Баржа отплывала вечером, когда над городом уже кружил германский разведчик.
В самую последнюю минуту на пристань прибежал Юрий. Валя стояла на палубе. Матросы готовились убирать сходни.
Юрий был бледен, губы его дрожали. Через плечо свисал болтающийся на широкой лямке противогаз.
— Я остаюсь в городе. Вместе с начальником дороги, — запыхавшись, проговорил он. — Остаюсь инженером для поручений… Ну, прощай, Валюша…
— До свидания, Юрка… — Валя не могла говорить, слезы душили ее, — Ты разве не можешь уехать с нами?
— Как же? Ведь я все равно, что в армии. Мы уедем последними. Где мать?

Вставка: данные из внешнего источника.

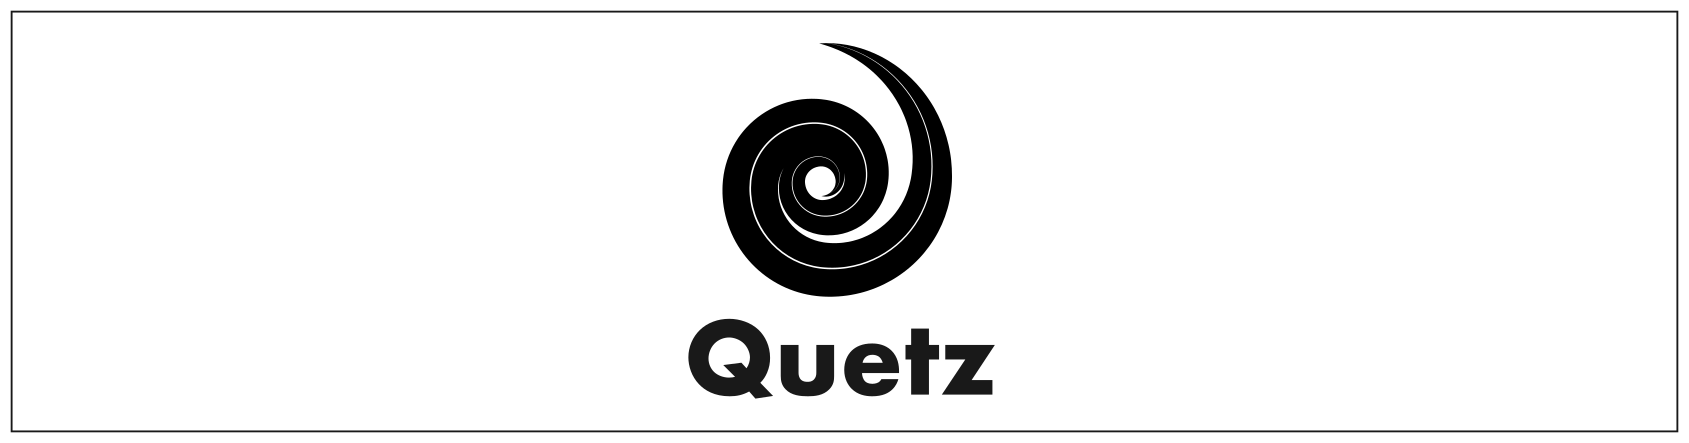 quetz header image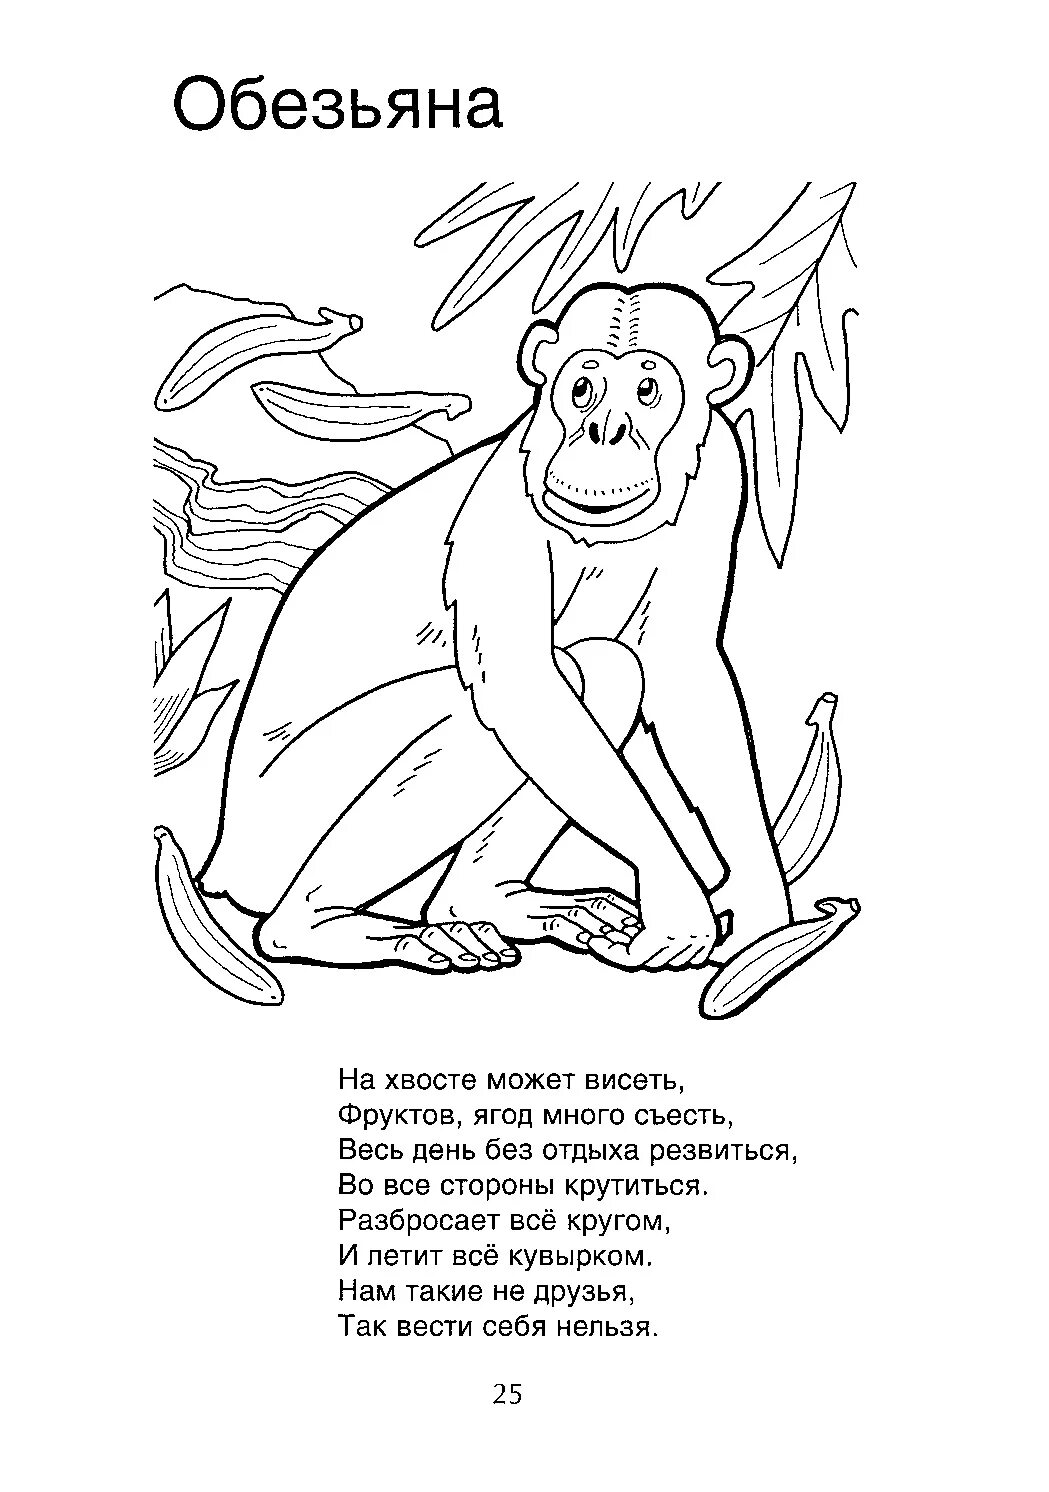 Стих про обезьяну. Стихотворение про мартышку. Раскраски загадки. Стихотворение про обезьяну. Стих про обезьянку.

— Она в трюме. Это в другом конце. Ей очень плохо.
— Жаль, я не успею ее повидать, — Юрий беспомощно осмотрелся. — Поцелуй ее за меня, Валя. И отца… Еще раз. Я видел его там, на пристани. Он занят какими-то последними распоряжениями. Портовое начальство боится налета, торопится постарее отправить вас. Ну, Валька… — Юрий обнял сестру, поцеловал. — Увидимся теперь не скоро. Передай маме: я буду пока жить в нашей квартире. Пусть не беспокоится.
Загремели сдвигаемые сходни. Юрий стал проталкиваться к борту. Черномазый буксирный пароходик прощально заунывно загудел, натянул стальной трос. Заплескалась зеленая донская волна.
Валя стояла на краю палубы в тесно сдвинувшейся толпе. Все безмолвно прощально махали руками. Слышались всхлипывания.